Not sitting down and committing it to the screen is frustrating for someone who is criminally impatient and usually chooses to type from dawn to dusk, but I believe I understand the reason why I can't take it to the desk yet. It is because my recently completed novel was such a joy to write. Words cascaded like juice from a cut grapefruit and the entire story simply pooled together by itself. This is the encapsulated theme:

Desperate to tell those we love the truth, how many lies do we tell ourselves?

Even if it never sees the light of day, it will have been worth writing, purely for the wonder of watching it burst into life. There was not a single moment when it didn't bring pleasure to sit down and work on it. And I want so much to have the same experience this time.

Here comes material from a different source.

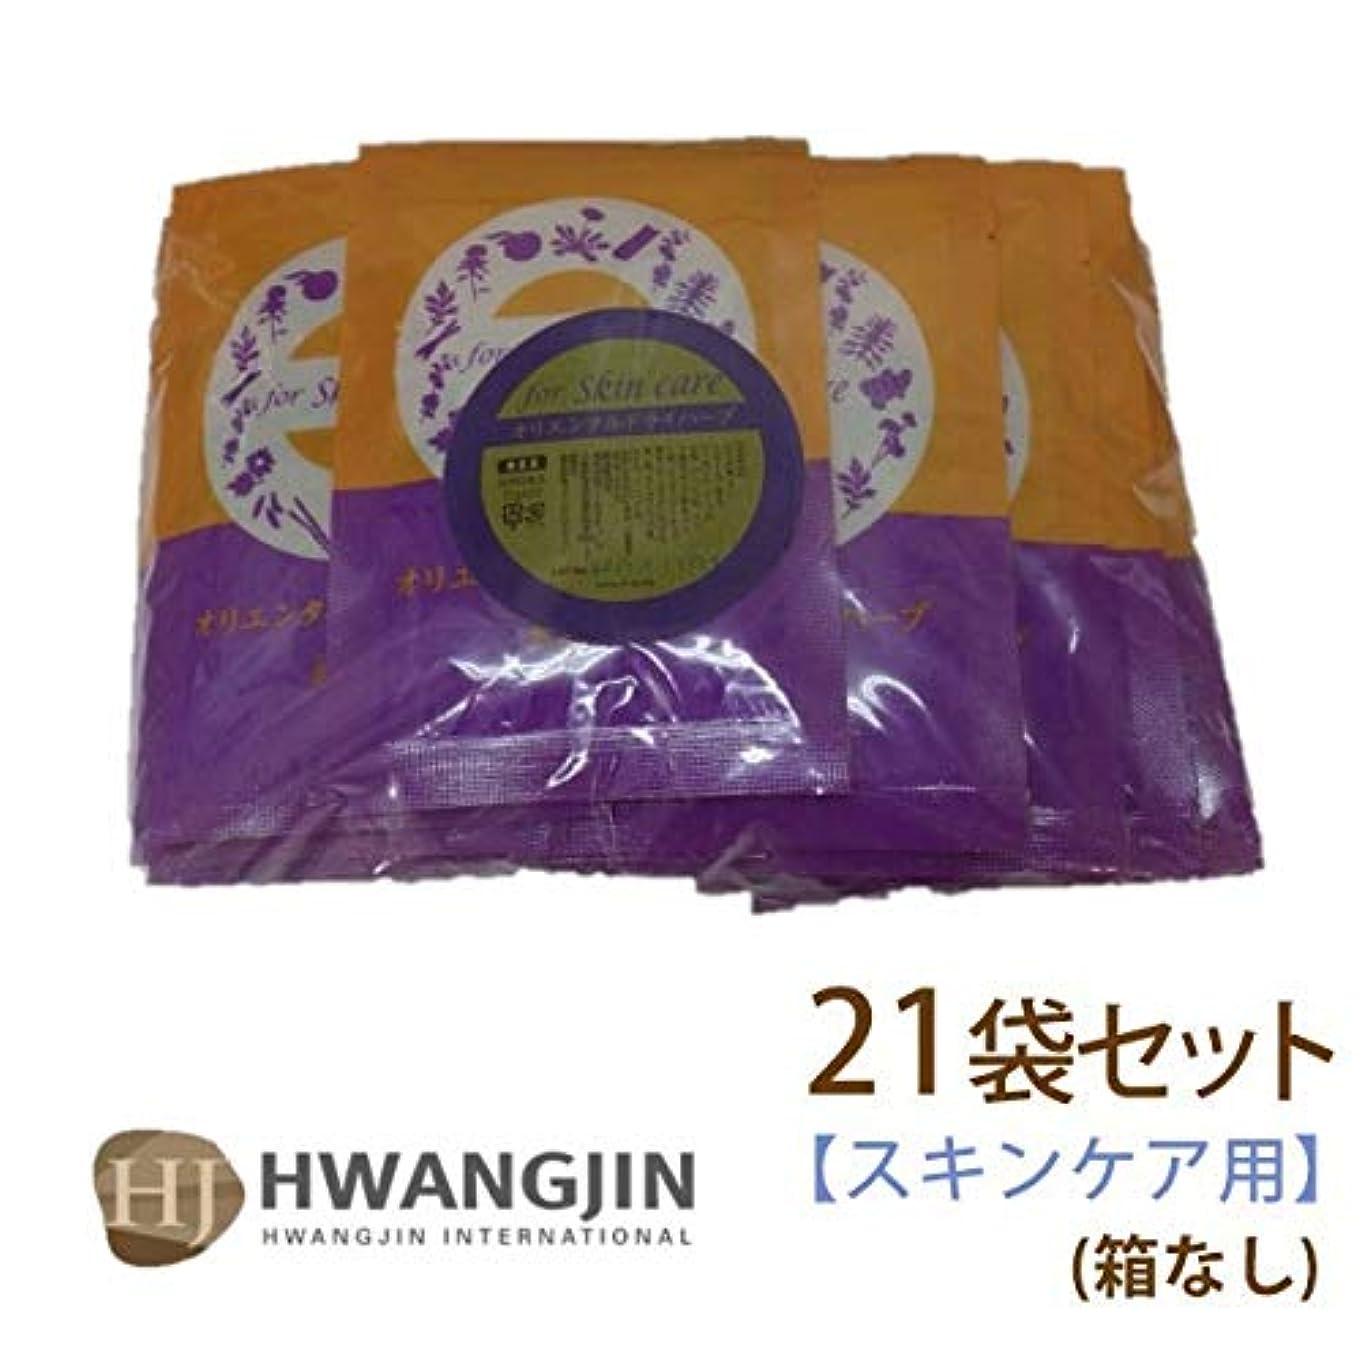 演じる契約感染するファンジン黄土 座浴剤 21袋 箱無し 正規品 (皮膚美容用 21袋)

These fifty-one steps lead from the village wells to the church and I only ever climb up.  Descending makes me think I will fall.

Treading with care and taking my time might not, ultimately, put me on the right path, but for now, it is the only way forward.

Sunday, 7 August 2016

Spouting Forth

This summer I was lucky enough to be interviewed by the lovely Grace Palmer and to read extracts from both my books at the July NovelNights event in the beautiful Strawberry Thief Bar in Bristol.

The theme for July was the road trip novel and the place was packed. What a wonderful audience they were, so warm and welcoming. They asked lots of good questions too and I could have talked all night!

NovelNights is a brilliant monthly event and guest authors, Mike Manson, Kathryn Hind, Jean Burnett and Lizzie Parker, were all reading from their road-trip novels. It was a great honour that Tying Down The Lion was featured and that I was also invited to talk about my short story writing as well.


Answering the insightful questions, both from Grace and the gorgeous audience

In other writing news, I was very grateful to be interviewed recently by the wonderful author, Lindsay Stanberry-Flynn, for The Short Story website, and answered some more thought-provoking questions about writing both short stories and novels.

And yesterday, in a break from writing, we had a family outing to the inspirational Witley Court ruins with its huge and stunning fountain of Perseus and Andromeda, which bursts into life on the hour. A stunning spectacle.




Middle daughter, Olivia, dwarfed by the stunning fountain in full swing




Adrian, Olivia and youngest daughter,Georgia



I hope you are all having a glorious summer too.